DATA EXCERPT ▸
________
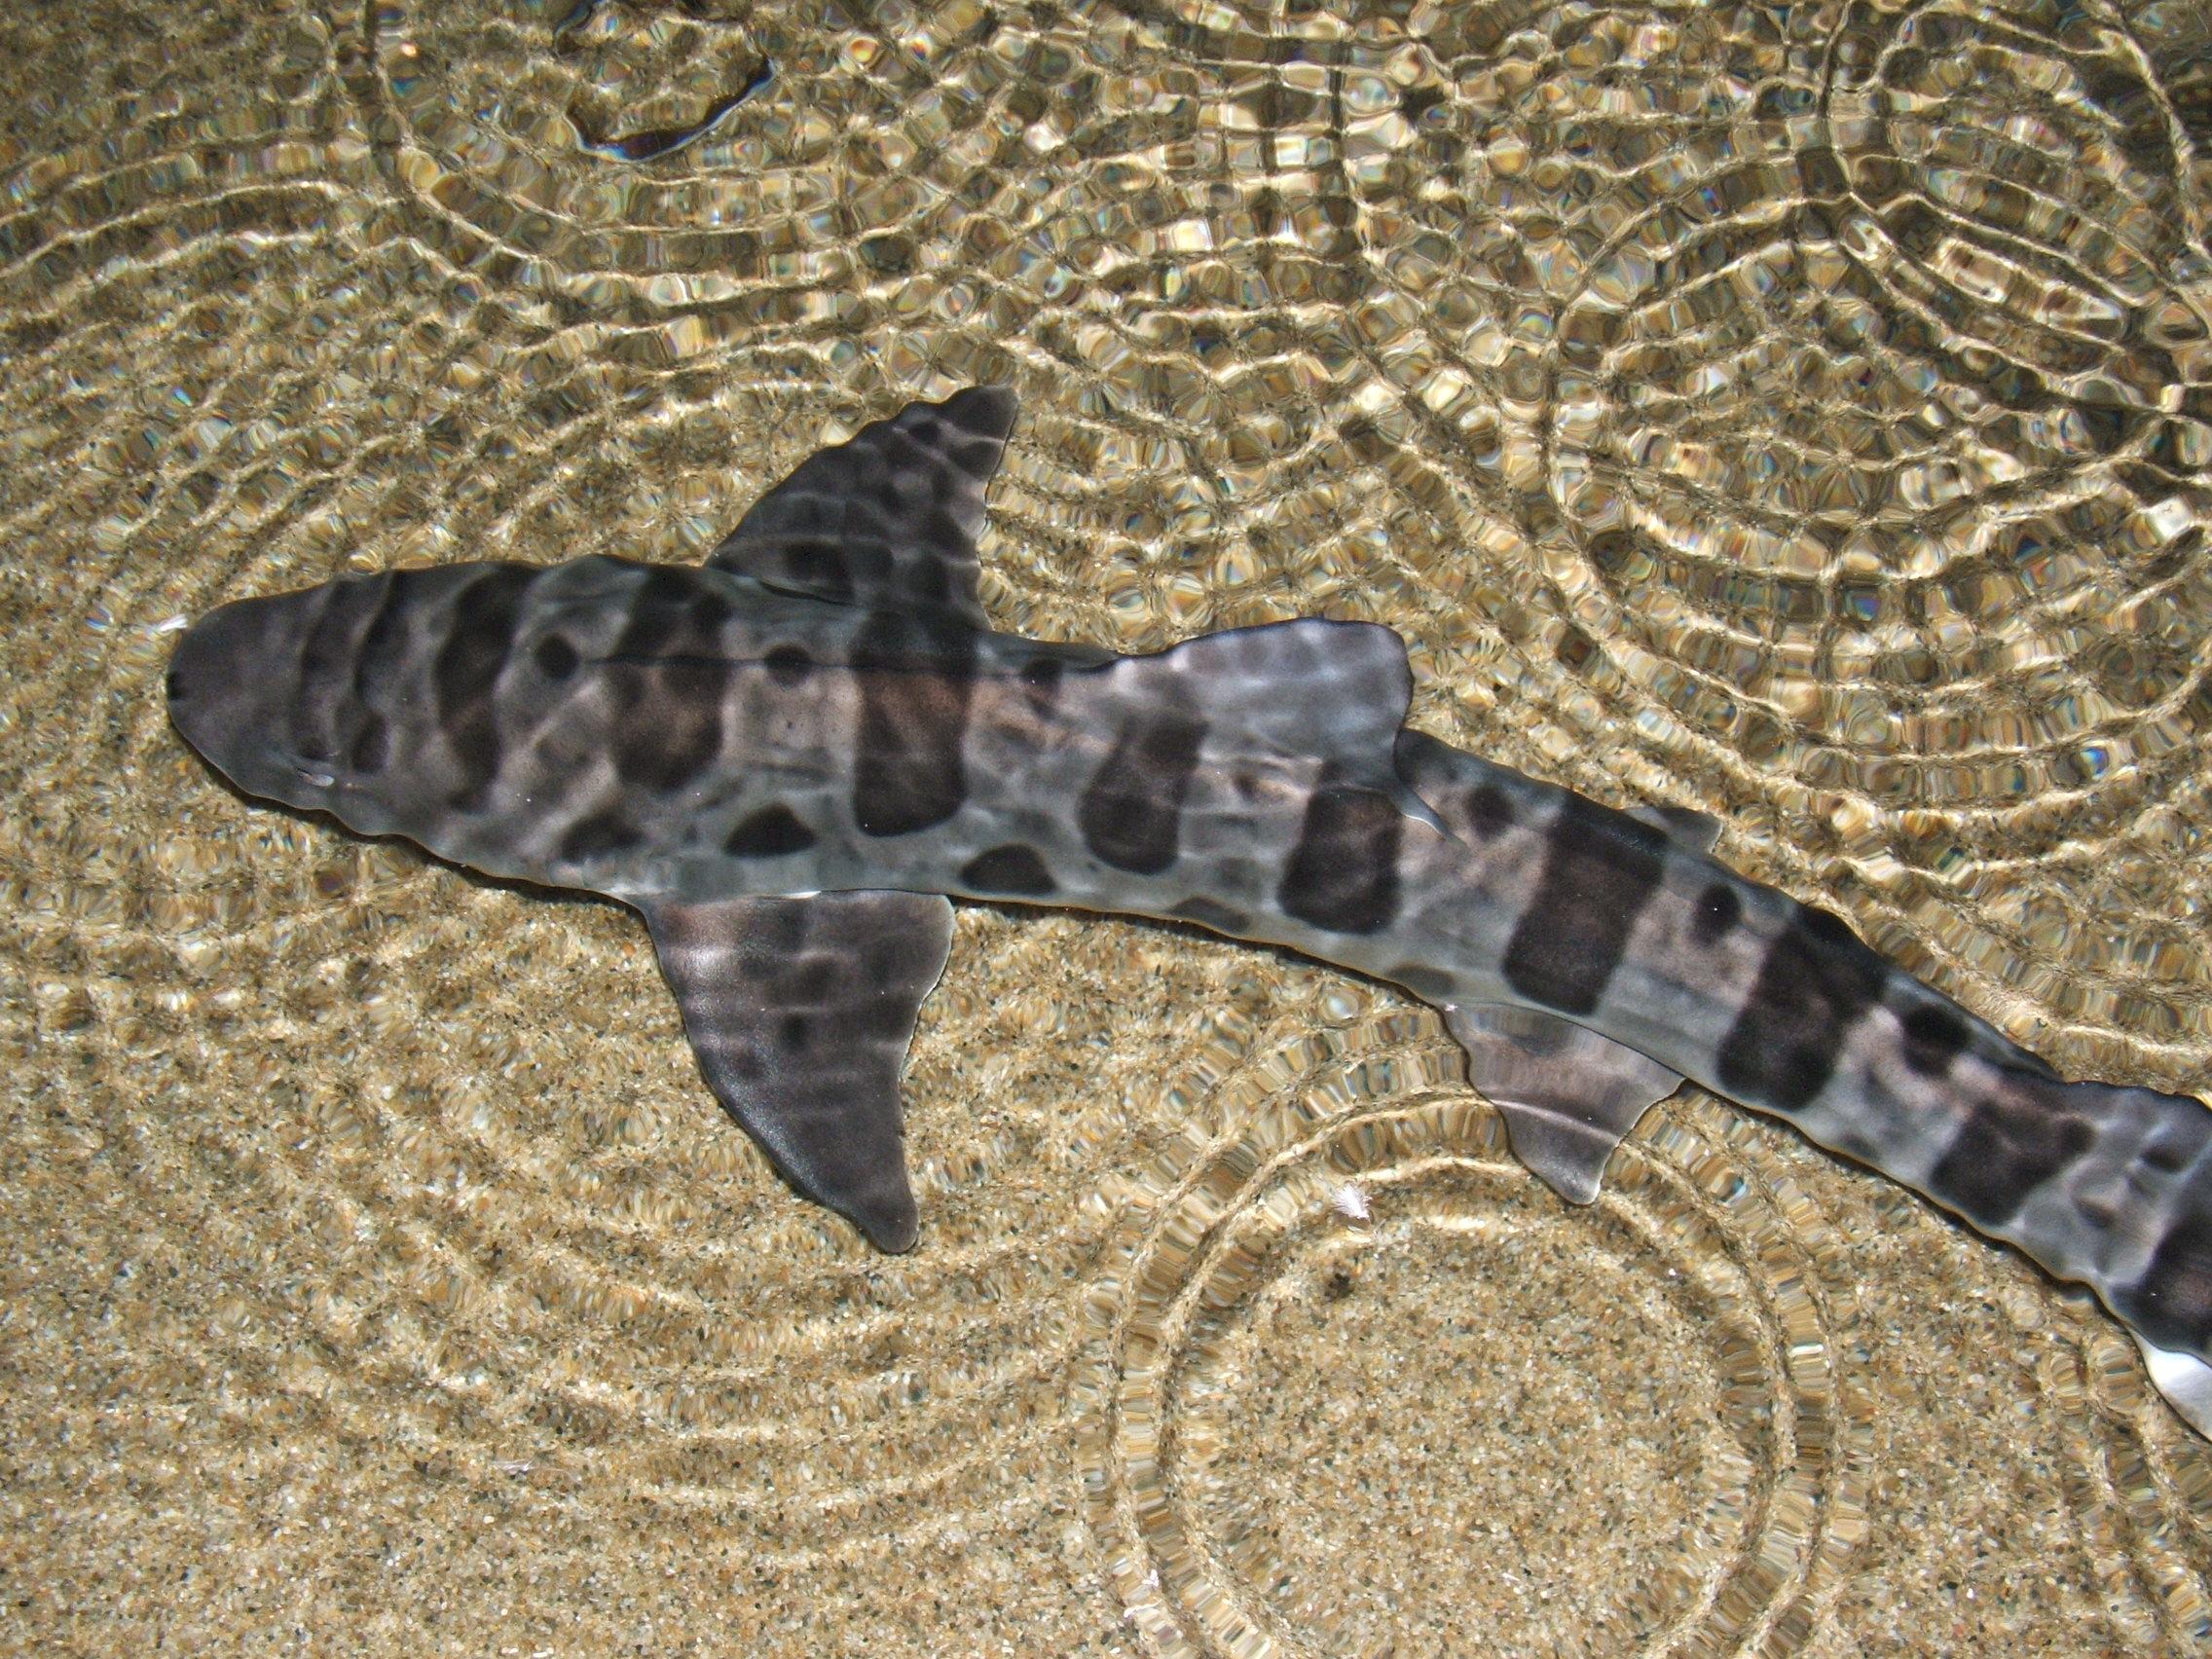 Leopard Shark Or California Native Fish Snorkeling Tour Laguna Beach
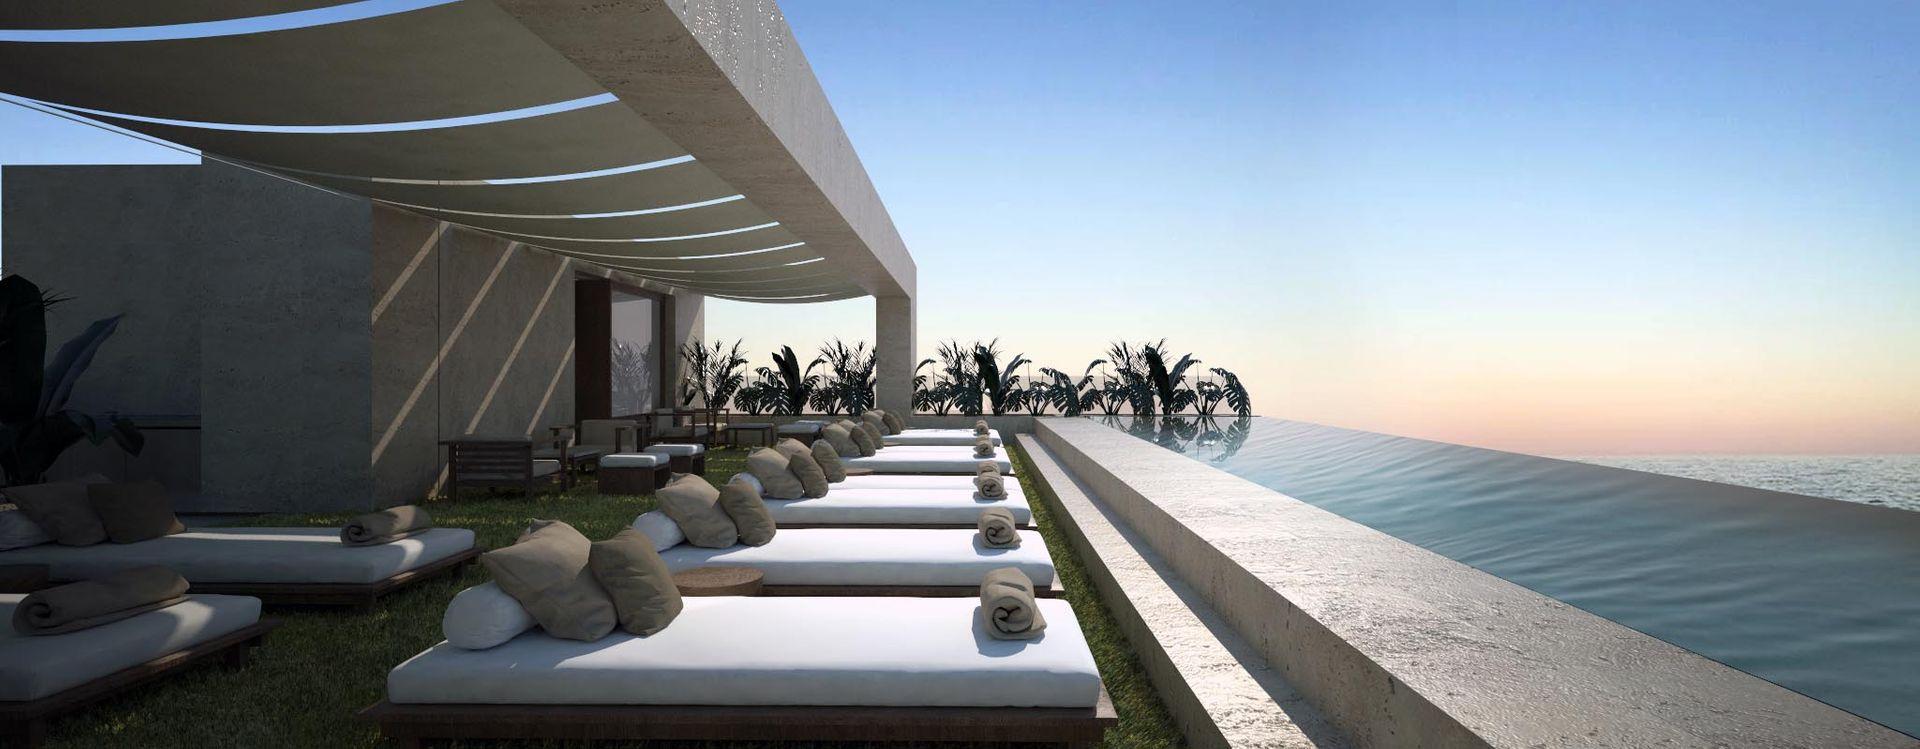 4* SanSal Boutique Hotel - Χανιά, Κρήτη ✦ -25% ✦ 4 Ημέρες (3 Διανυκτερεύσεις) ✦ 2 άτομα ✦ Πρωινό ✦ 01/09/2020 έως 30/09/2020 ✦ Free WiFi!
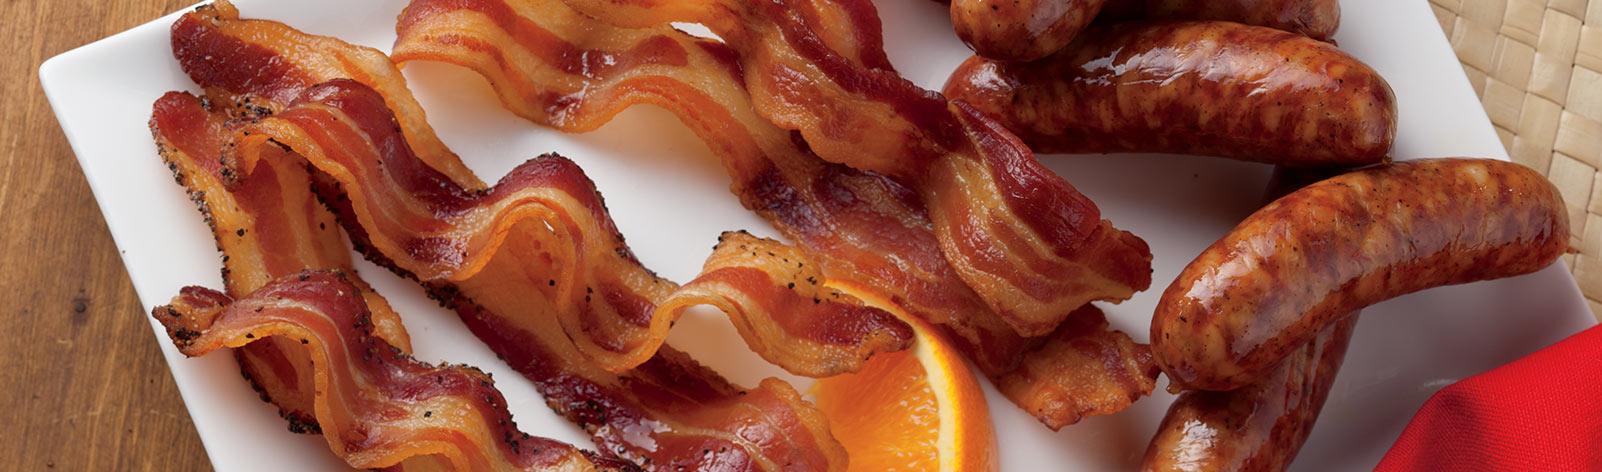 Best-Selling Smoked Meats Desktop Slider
________
WHAT TO DO ▸ Exact repetition of each line above is expected; images are to be omitted.

OUTPUT OF THE EXERCISE ▸
 Leopard Shark Or California Native Fish Snorkeling Tour Laguna Beach
 4* SanSal Boutique Hotel - Χανιά, Κρήτη ✦ -25% ✦ 4 Ημέρες (3 Διανυκτερεύσεις) ✦ 2 άτομα ✦ Πρωινό ✦ 01/09/2020 έως 30/09/2020 ✦ Free WiFi!
 Best-Selling Smoked Meats Desktop Slider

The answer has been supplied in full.